NOはグアニレートシクラーゼを活性化し,細胞内cGMP含量を増加させ血管平滑筋を弛緩させる。NOはさらに血管平滑筋細胞増殖抑制や血小板,白血球の凝集接着を抑制することが知られており,動脈硬化の発症進展に関連していると考えられている。最近,Wangらは白人においてecNOS遺伝子型4a/aが喫煙によるCADの危険度を上昇させると報告した。しかし,今回の我々の研究では,ecNOS遺伝子型4a/aの頻度は極めて低く,ecNOS遺伝子型4a/a+a/bで検討してみたが,CADとの有意な関連は見いだせなかった。また,喫煙者のみで検討しても同様であった。

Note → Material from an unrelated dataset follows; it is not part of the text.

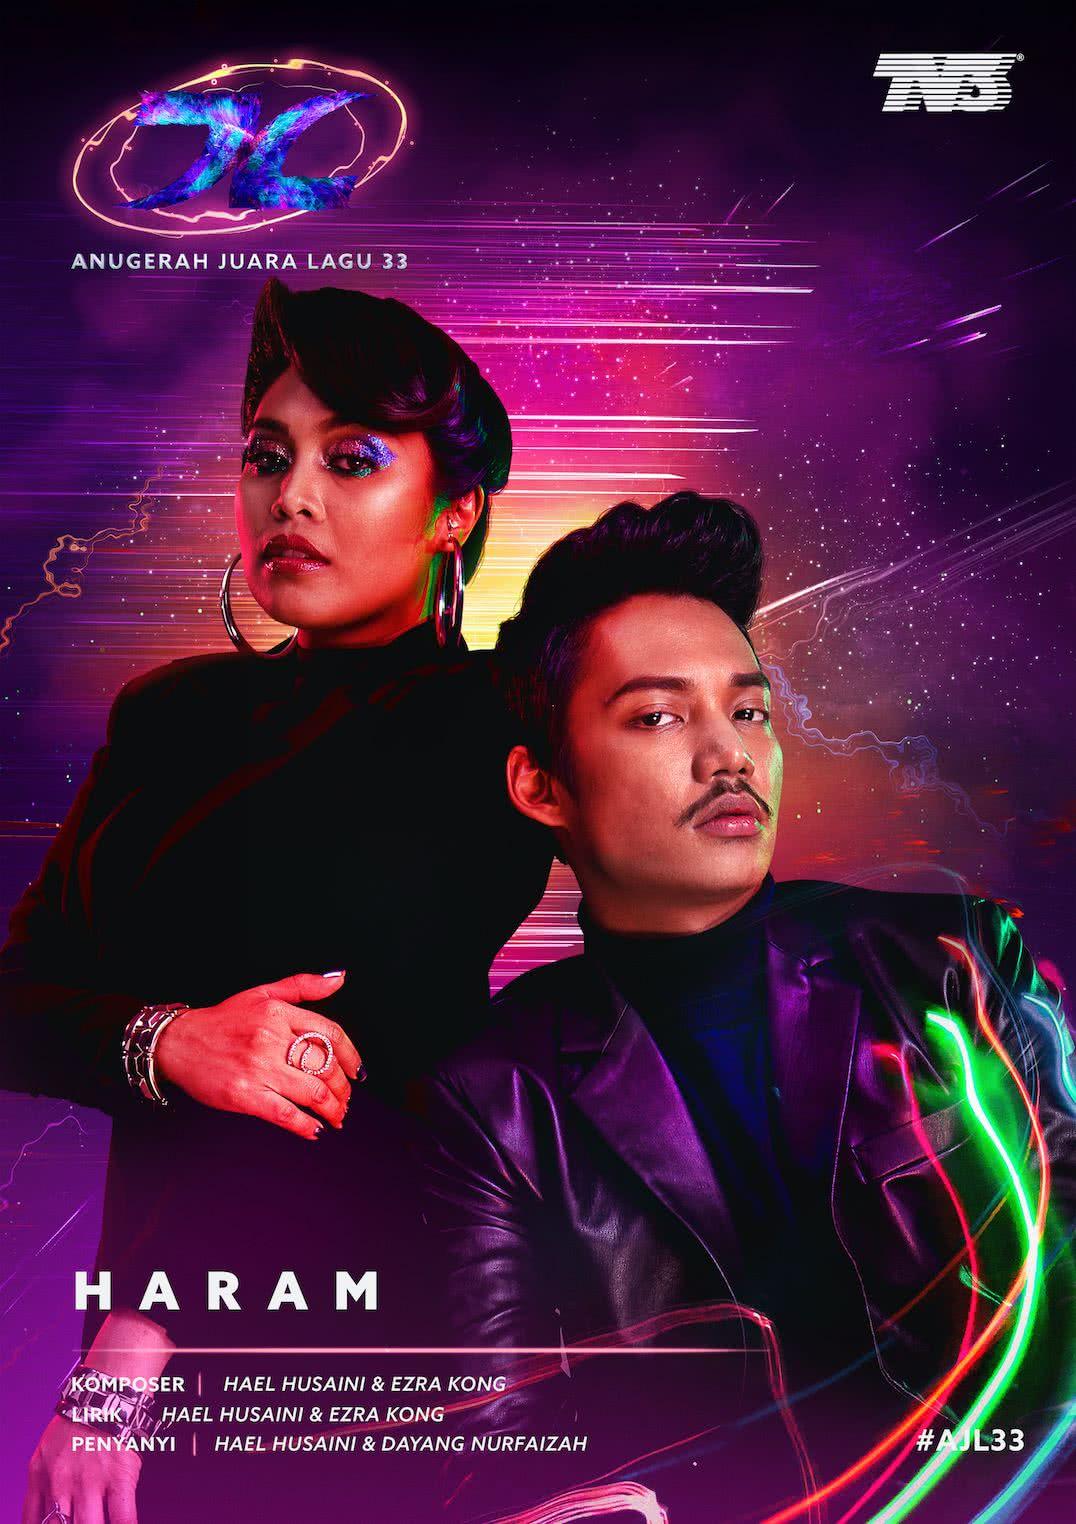 Hael Husaini & Dayang Nurfaizah AJL33

一方,ACE遺伝子多型とCADとの関連は従来白人及び日本人における研究による結果と同様であった。レニンーアンジオテンシン系は動脈硬化の進展に重要な役割を果たしていることが知られている。アンジオテンシン?Uは血管収縮と血管平滑筋増殖作用を持つ血管作動物質である。RigatらはACE/DD遺伝子型の患者の血漿ACE活性はACE/II遺伝子型のものより高いことを報告している。PowellらはACE阻害剤により血管傷害後の平滑筋細胞の増殖抑制作用を報告している。そこで我々は,ACE遺伝子型の違いにより冠動脈でのアンギオテンシン?Uやブラジキニンの作用を介して冠動脈硬化や心筋梗塞の発症に影響があるのではないかということで今回の研究を行った。
CADは遺伝的背景と環境的背景により形成される多因子疾患であると考えられる。CADは喫煙,高血圧,糖尿病,高脂血症などによりそのリスクが相加的に増加することが知られており,遺伝的背景と環境的要因について両面から検討することが重要である。例えば,アンジオテンシノーゲン遺伝子型TTとACE/DD遺伝子型の組み合わせはCADのリスクを高めていることが報告されている。しかし,今回のecNOS遺伝子型の検討ではそれ単独でも有意な危険因子とならず,ACE遺伝子多型によるリスクにも有意な影響を及ぼさなかった。今回の検討では症例数も少なく,今後の更なる検討が必要であると思われる。